A d-axis q-axis component of (1);

is a current vector in dq coordinates, I_gd、I_gqAs a vector of current

D-axis q-axis component of (i)_a、i_b、i_cThree-phase grid-connected current is adopted as the converter; p, Q are active and reactive power of the converter;

(2) the active and reactive power of the system can be independently controlled by respectively controlling the d-axis and q-axis currents of the converter through the formulas (1-6), and a reference vector is determined according to the active and reactive power.

Compared with the prior art, the technical scheme of the invention has the following beneficial effects:

1. the invention can simultaneously reduce the common-mode voltage of the current source type converter and realize the unit power factor operation of the system. And aiming at the problem of common-mode voltage of the current source converter, calculating the common-mode voltage generated by each switching vector. Analysis indicates that the peak value of the common-mode voltage of the converter is generated by the zero vector corresponding to the switch state, and therefore the method for selecting the zero vector is proposed to reduce the common-mode voltage of the system. And aiming at the problem that the LC filter causes a system advanced power factor, a direct power control strategy is provided. And (3) independently controlling the d-axis and q-axis currents of the converter under a dq rotating coordinate system, and compensating the reactive current of the LC filter to realize the maximum power factor operation of the converter. And obtaining a system reference modulation wave by a power control strategy, determining a switching signal by a space vector modulation method for selecting a zero vector, and driving the converter to operate.

2. The common-mode voltage corresponding to each switch state of the current source converter is calculated. Indicating that the common mode voltage peak value of the system is generated by a zero vector, and reducing the common mode voltage peak value of the converter by selecting the zero vector. Meanwhile, aiming at the problem of advanced power factor, direct power control is realized through active and reactive decoupling under dq coordinates, and the maximum power factor of the current source converter can be operated.

3. The multifunctional space vector modulation strategy based on the current source converter can reduce the common-mode voltage of the converter and compensate the reactive current of a system to ensure the maximum power factor operation of the system.

Drawings

Fig. 1 is a schematic diagram of a current source rectifier topology according to an embodiment of the invention.

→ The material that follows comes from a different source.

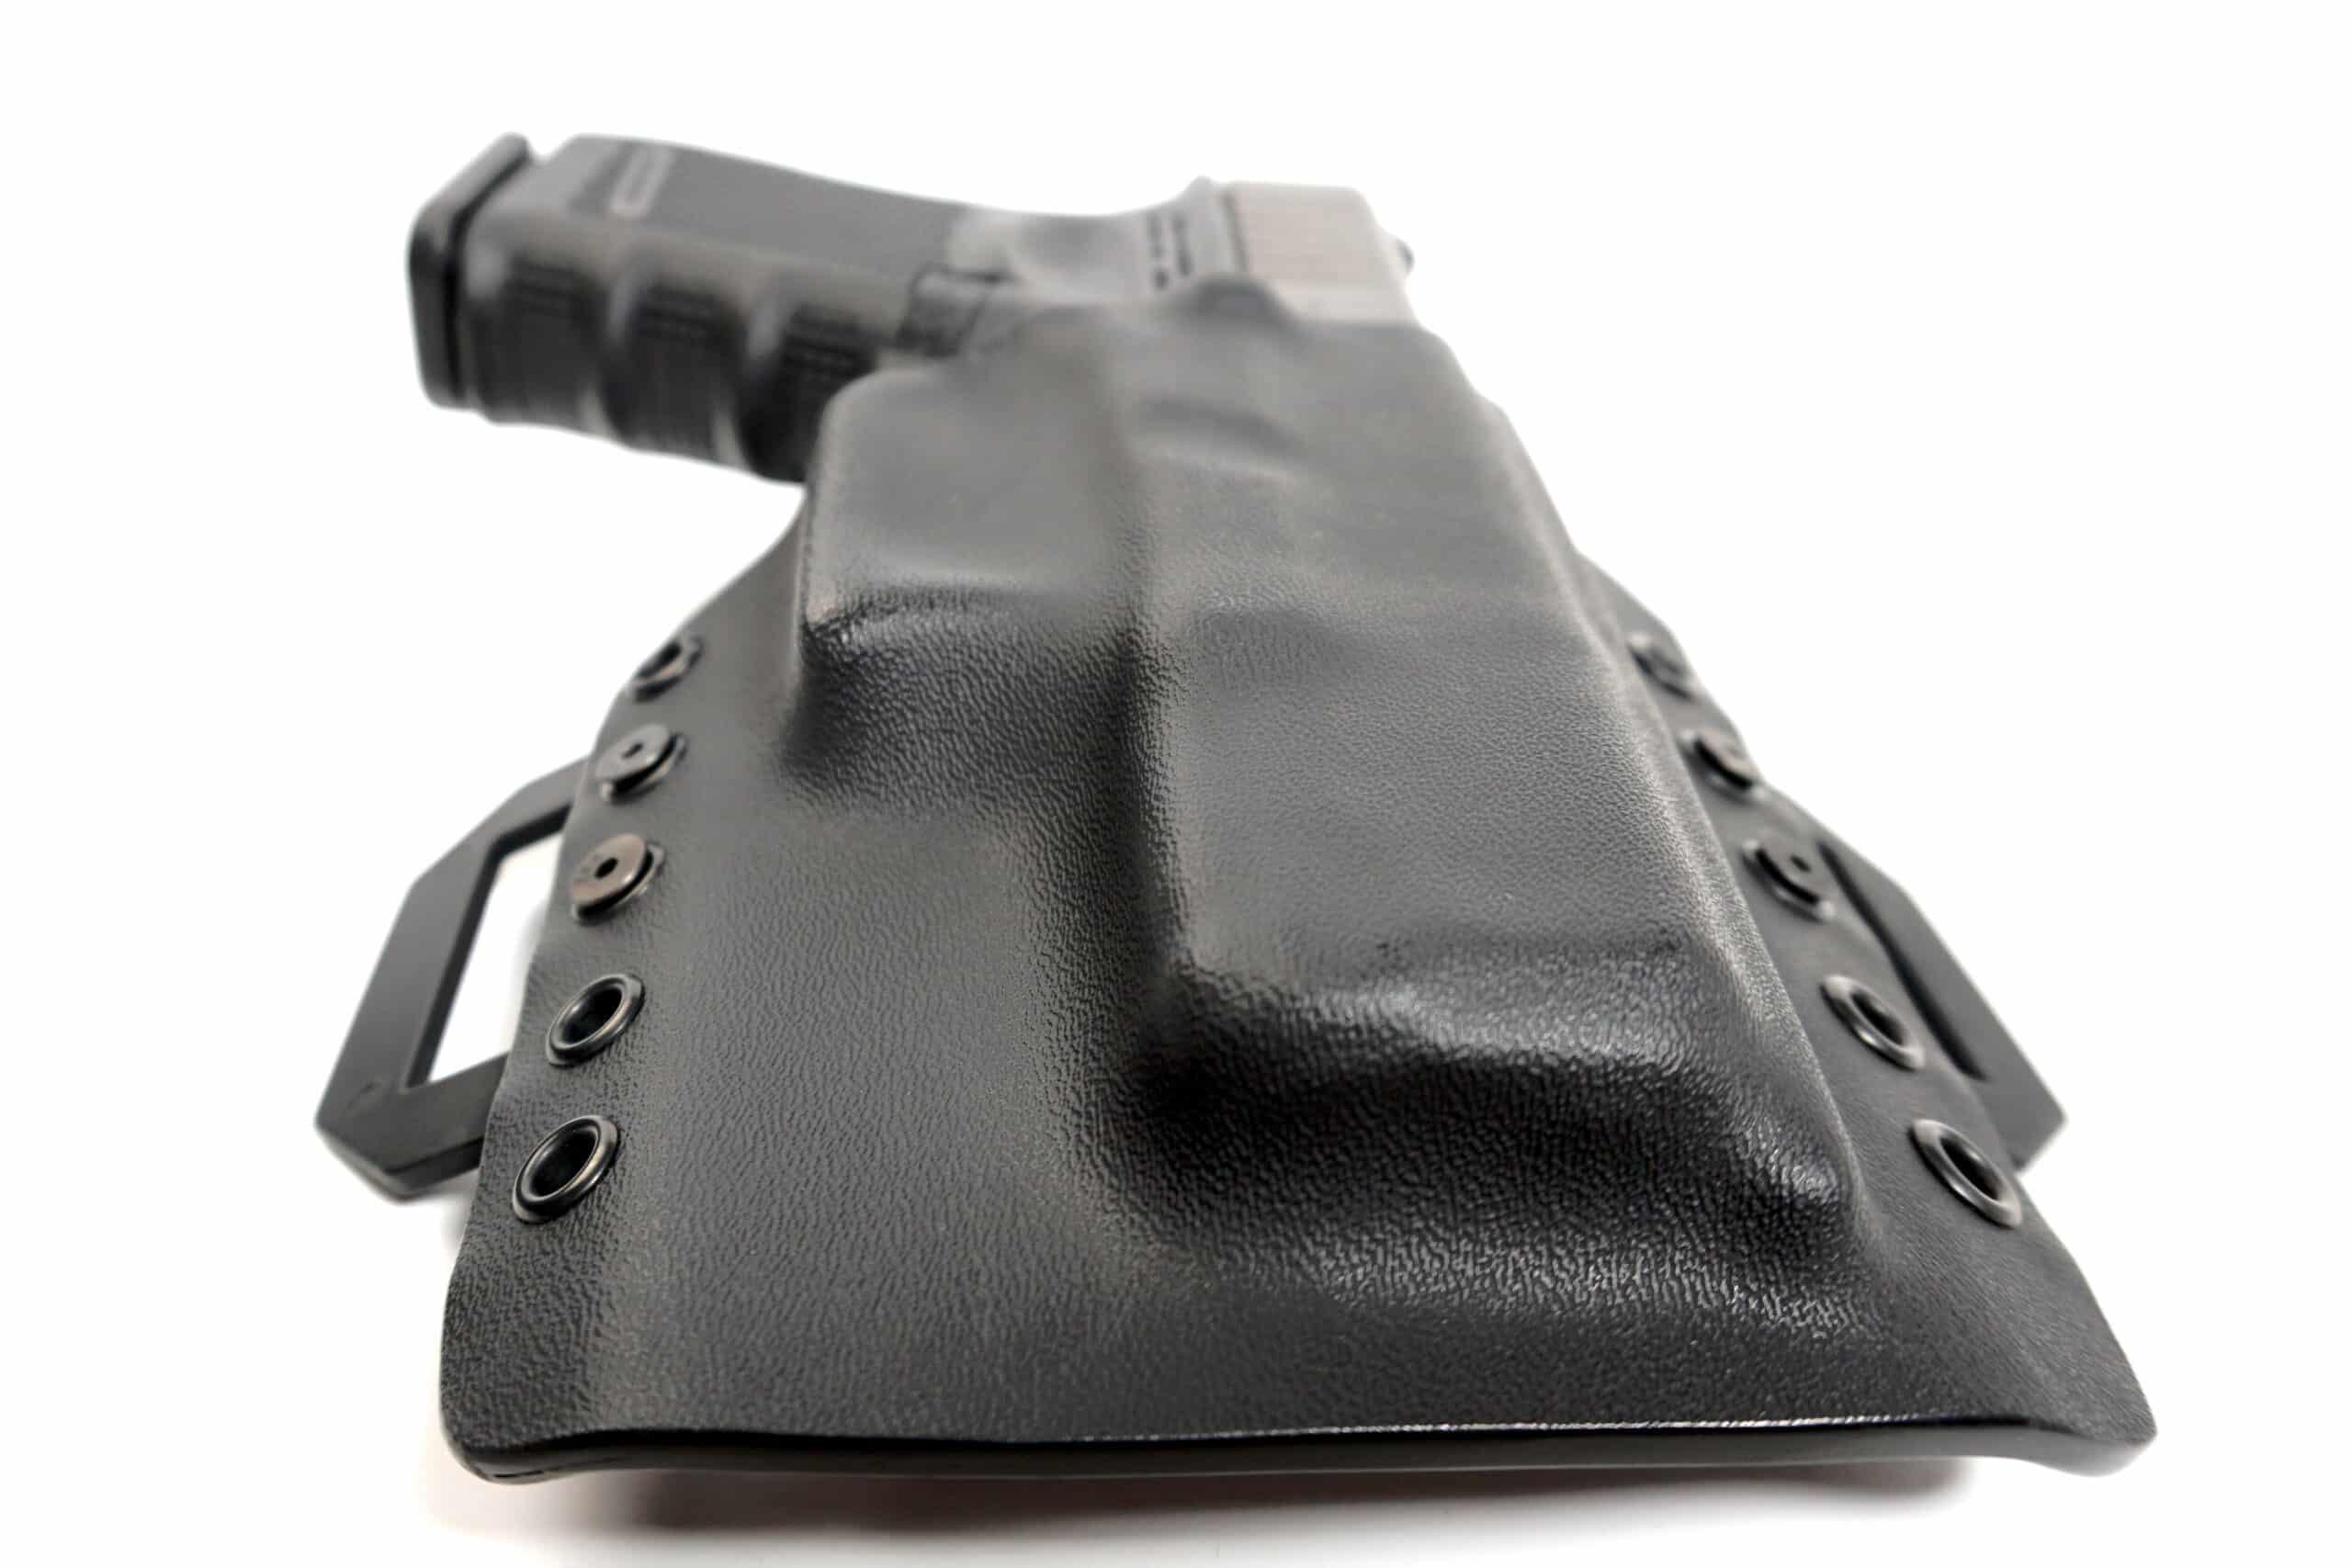 Beretta PX4 Storm Compact OWB Kydex Holster

Fig. 2 is a space vector diagram of a current source converter.

FIG. 3 is a common mode voltage simulation waveform.

Fig. 4 is a simulation waveform diagram of the load current on the dc side of the converter.

Fig. 5(a), 5(b) and 5(c) are waveform diagrams of the ac side grid voltage, grid-connected current and PWM current of the converter, respectively.

Detailed Description

The present invention is described in detail below with reference to the accompanying drawings, so that those skilled in the art can better understand the present invention.

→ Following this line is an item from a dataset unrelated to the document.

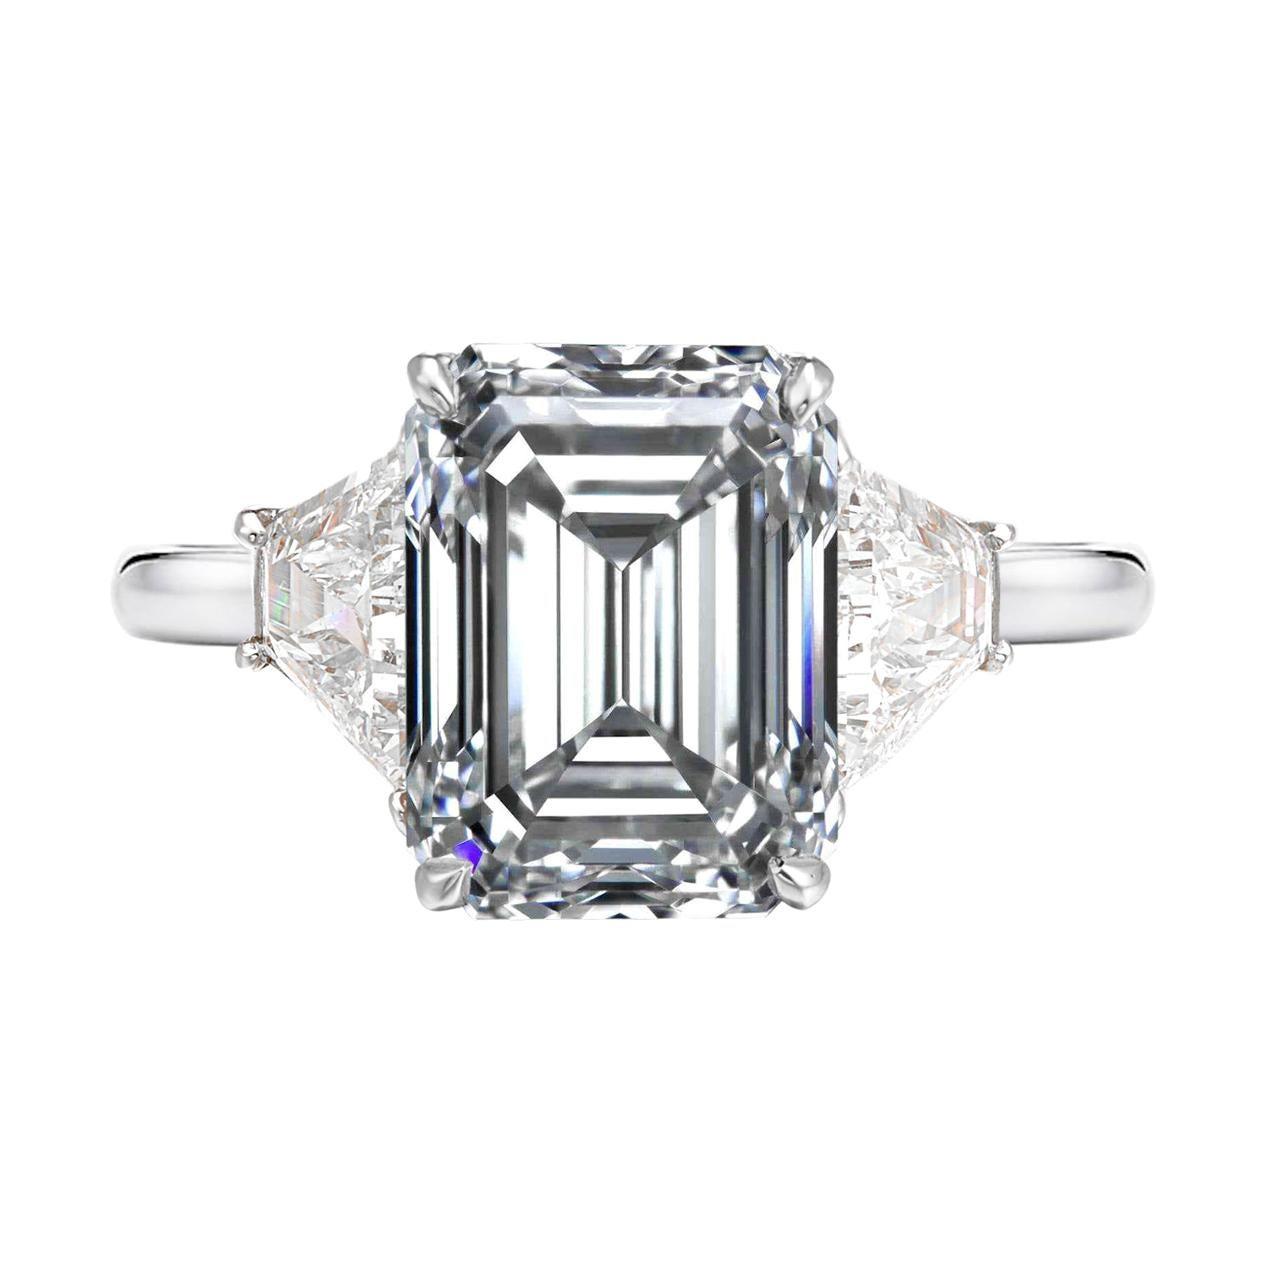 GIA Certified 2.65 Carat Emerald Cut Halfmoon Diamond Platinum Ring F VS1

Taking a current source rectifier as an example, fig. 1 is a circuit diagram of an embodiment of the present invention. As shown in fig. 1, the current source rectifier adopts a three-phase full bridge topology as a rectifying circuit, and each full bridge is composed of six power switching tubes, in this embodiment, Insulated Gate Bipolar Transistors (IGBTs) with inverse diodes.

The invention relates to a multifunctional space vector modulation method for a current source rectifier, which basically comprises the following steps:

step 1: according to current source converter constraint conditions: at any moment, a certain full bridge has two switching devices on at the same time, one is positioned in the upper half bridge, and the other is positioned in the lower half bridge. Under this constraint, the current source rectifier can determine 9 three-phase PWM current states. And transforming the coordinates of the 9 three-phase PWM current states to obtain 9 two-phase space current vectors. These vectors can be divided into two groups by length: zero vector (

And

) Non-zero vector

The transformation formula is (2-1), the space vector diagram is shown in figure 2, and the corresponding switch state classification is shown in table 1.

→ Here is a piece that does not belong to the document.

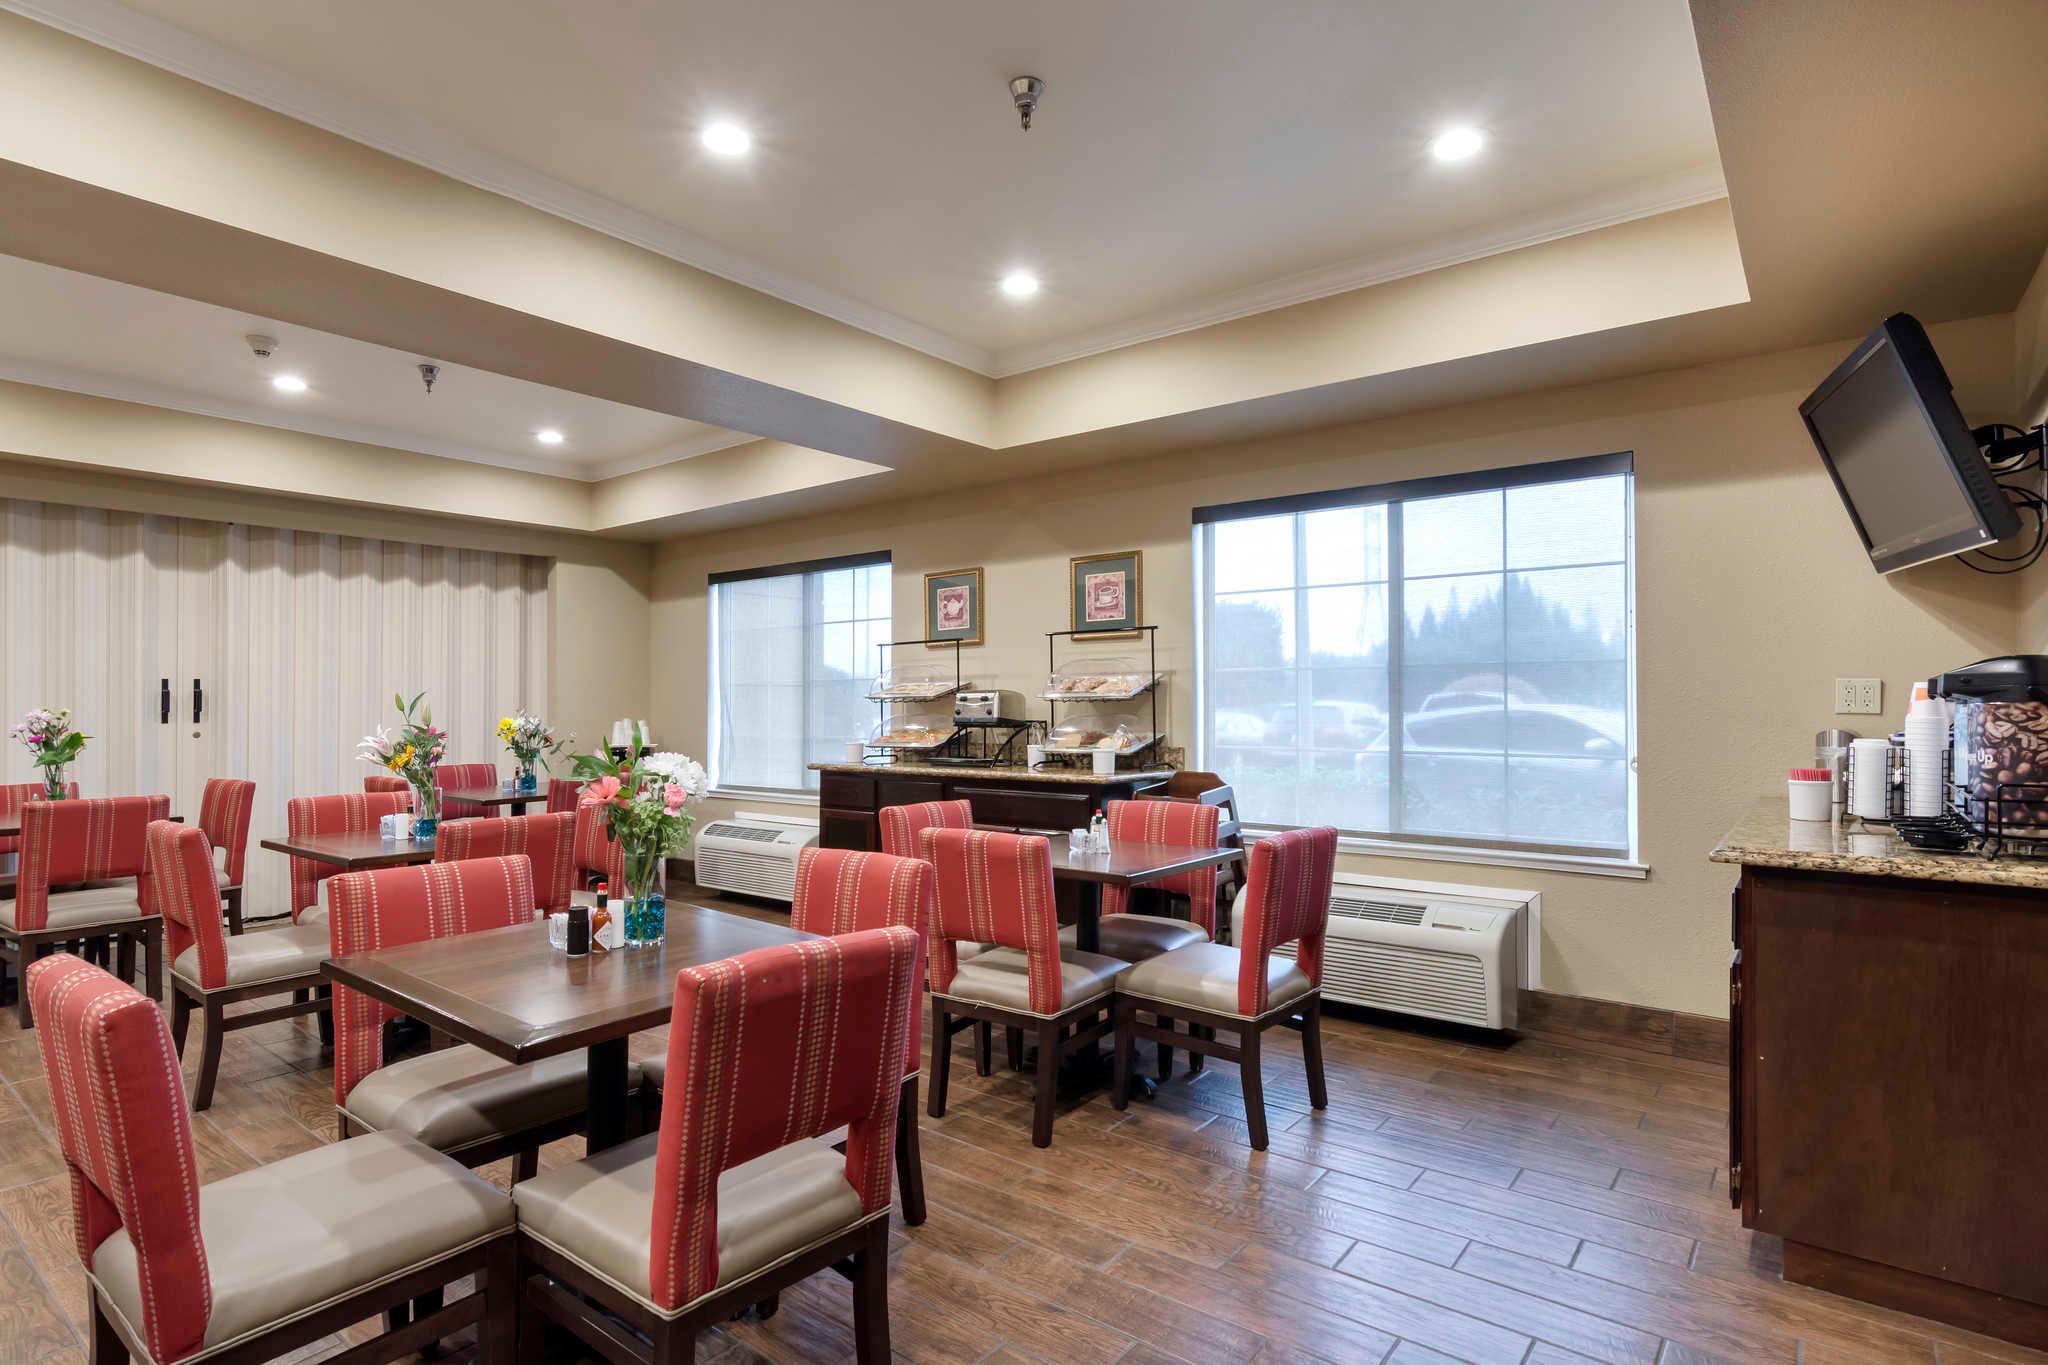 Comfort Inn & Suites Sacramento - University Area image 28

Wherein i_wa(t)、i_wb(t)、i_wc(t) is a three-phase PWM current, i_α(t)、i_β(t) are α and β axis components of the two-phase space current vector I (t).

TABLE 1

Step 2: calculating each vector yields a common mode voltage, which can be determined by

Wherein v is_cmvFor converter common mode voltage, v_gpAnd v_gnThe voltage of the upper bus and the lower bus on the direct current side of the converter is grounded.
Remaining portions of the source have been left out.